Lo que se hereda, lo que se posterga
La Federación Nacional de Cafeteros que se consolidó entre 1930 y 1946 no fue un Estado paralelo en el sentido de una autoridad rival que disputa territorio y monopolio de la coerción. Fue algo más peculiar y más duradero: una institución en la que las élites políticas y económicas colombianas externalizaron funciones que el Estado formal no podía sostener con continuidad —recaudación fiscal específica, diplomacia sectorial, regulación de calidades, presencia territorial— obteniendo a cambio estabilidad para el principal sector exportador y un amortiguador frente a los populismos que sacudían a las repúblicas vecinas. Su autonomía real fue siempre proporcional a la debilidad coyuntural del gobierno de turno; su continuidad estructural dependió del acuerdo bipartidista sobre su utilidad.
La herencia institucional es la más visible. Buena parte de la arquitectura cafetera construida entre 1930 y 1946 —Fondo Nacional del Café, retención cafetera, comités municipales, política de precios internos, negociación internacional a través del gremio— siguió funcionando durante el resto del siglo XX, sobreviviendo al Frente Nacional, a la ruptura del Pacto de Cuotas en 1989 y a la apertura económica de los noventa. La Federación demostró que en Colombia una institución privada podía administrar durante décadas funciones públicas esenciales con eficacia superior a la de los ministerios.

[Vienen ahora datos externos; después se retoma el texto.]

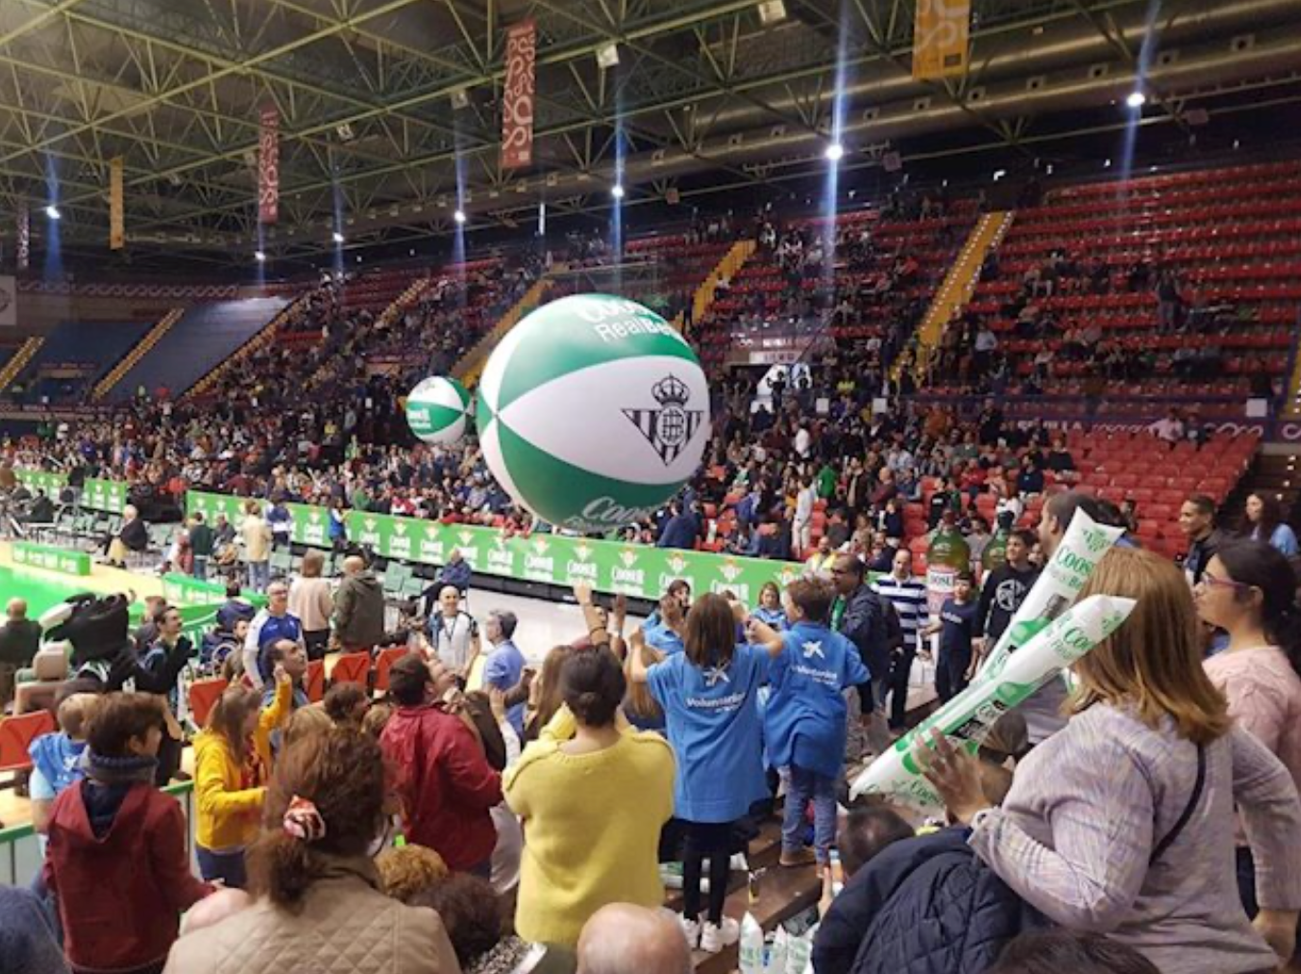 Voluntarios de La Caixa organizan una grada solidaria con entidades sociales en un partido de baloncesto en Sevilla

La herencia política es menos celebrada y más pesada. La misma institucionalidad que amortiguó al populismo bloqueó la reforma agraria y contuvo el sindicalismo rural, acumulando en el campo cafetero y sus zonas de frontera las tensiones que estallarían después de 1946 en la Violencia. El Estado colombiano aprendió, en el ciclo de la República Liberal, que podía gobernar sin resolver el conflicto agrario si delegaba en gremios eficientes la administración de sus principales productos de exportación. Fue rentable en el corto plazo y ruinoso en el largo. La cordillera cafetera vivió durante décadas con una institucionalidad gremial que funcionaba mejor que el Estado en materia técnica y económica, pero que no tenía —ni podía tener— vocación para procesar las demandas sociales de los trabajadores rurales que producían el café.
Manuel Mejía Jaramillo administró un imperio. Nunca fue, ni se propuso ser, un reformador social. La República Liberal no le pidió otra cosa.